-- Activity --
For the listing below, return the line containing "laugh is such", the line containing "A woman in off-white", and all lines in between, exactly as written and nothing else.

-- Record set --

########

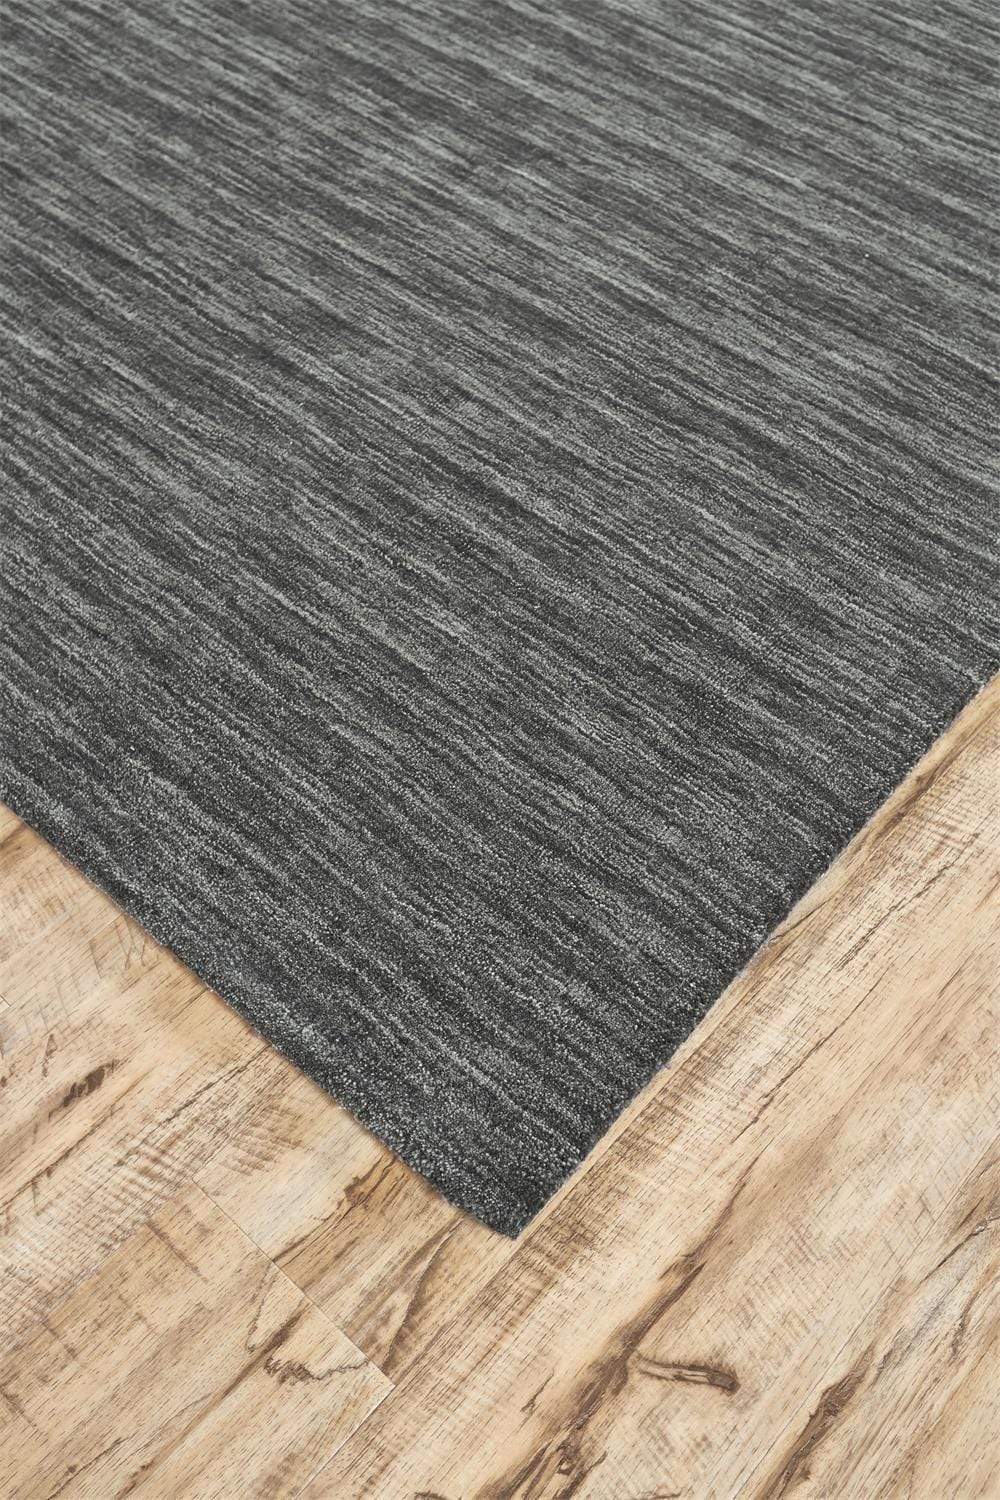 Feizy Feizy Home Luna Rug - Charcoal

########

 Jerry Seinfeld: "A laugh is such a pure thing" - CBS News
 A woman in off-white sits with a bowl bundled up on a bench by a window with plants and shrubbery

########

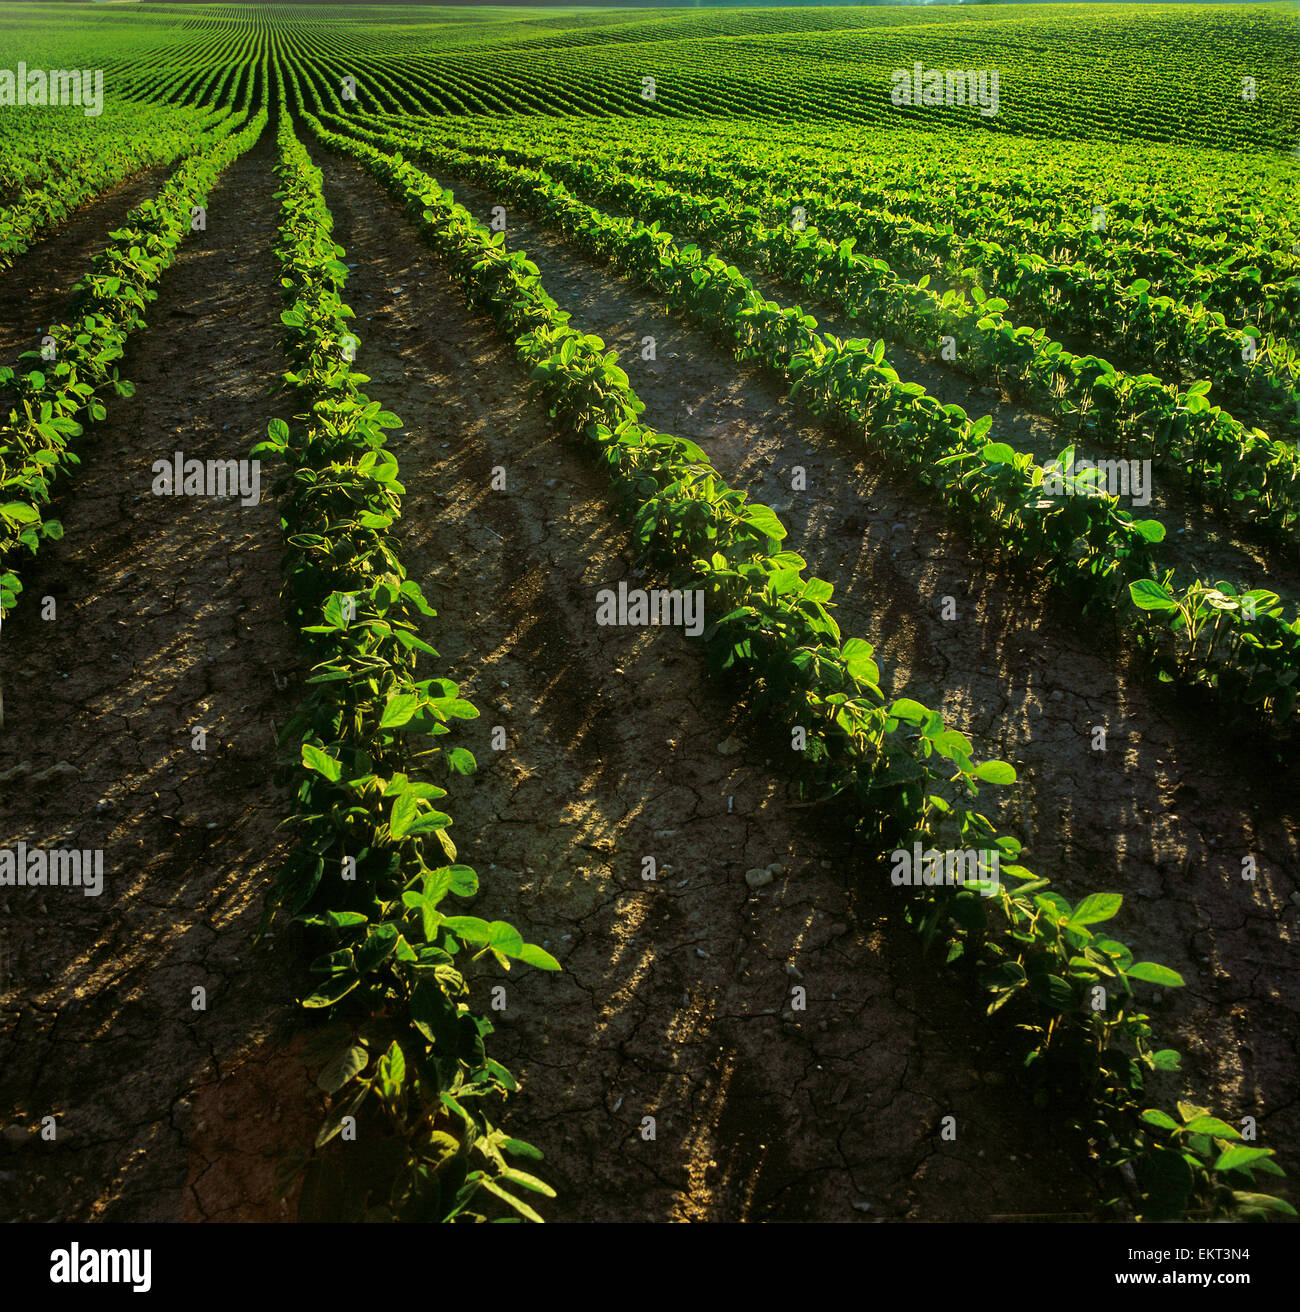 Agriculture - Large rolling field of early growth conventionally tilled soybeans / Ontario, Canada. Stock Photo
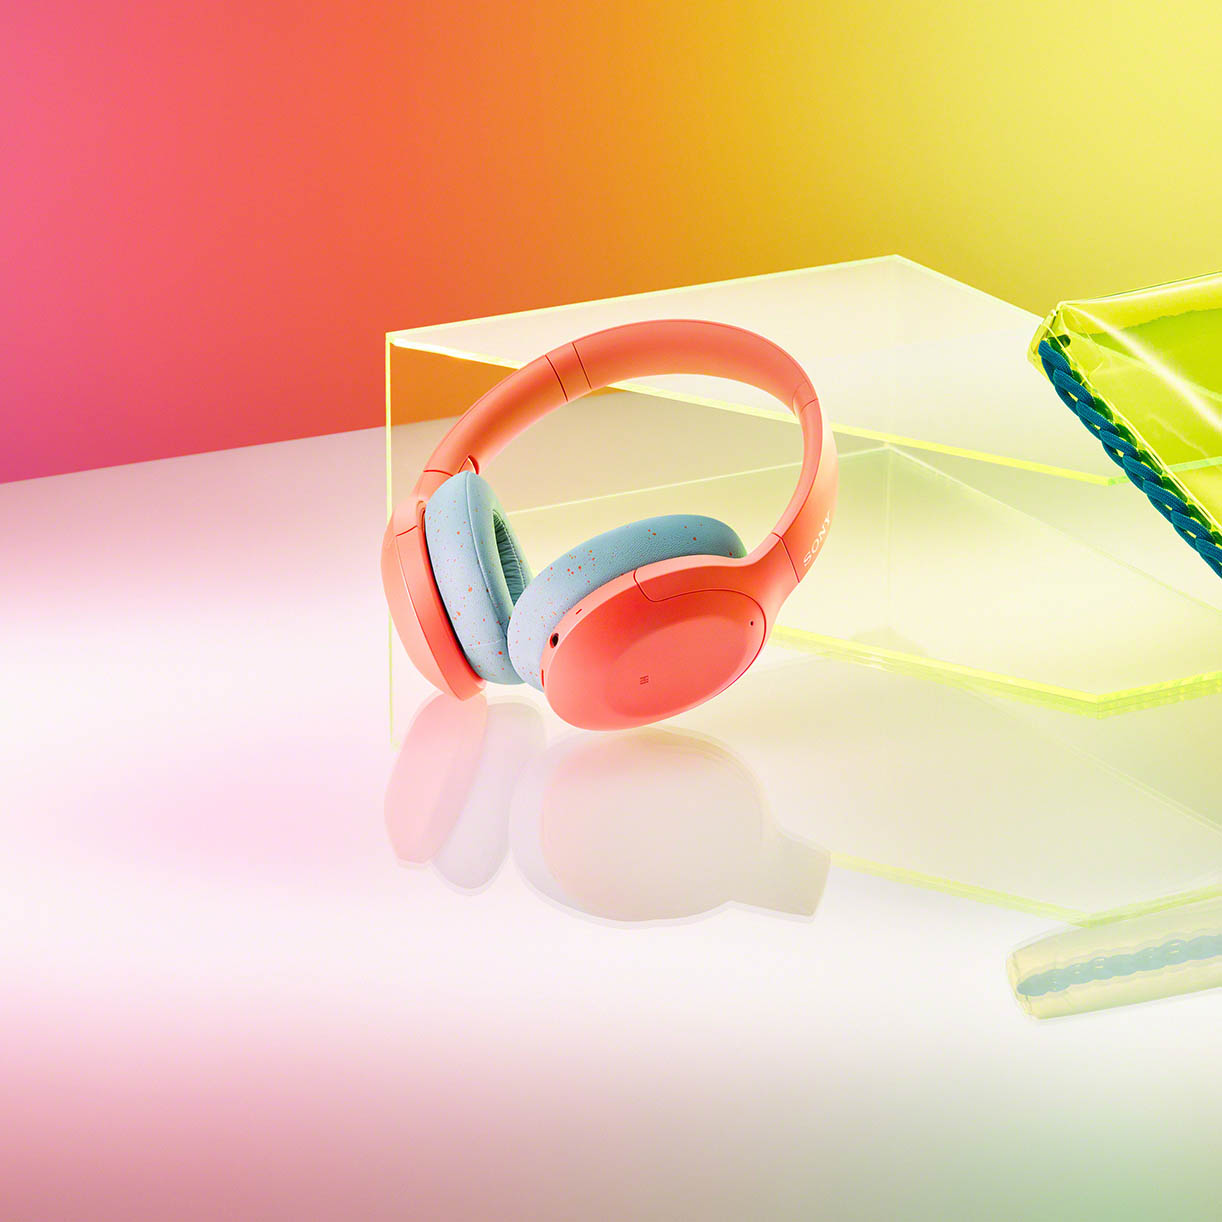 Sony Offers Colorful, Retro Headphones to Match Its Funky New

########

-- Problem solution --
 Jerry Seinfeld: "A laugh is such a pure thing" - CBS News
 A woman in off-white sits with a bowl bundled up on a bench by a window with plants and shrubbery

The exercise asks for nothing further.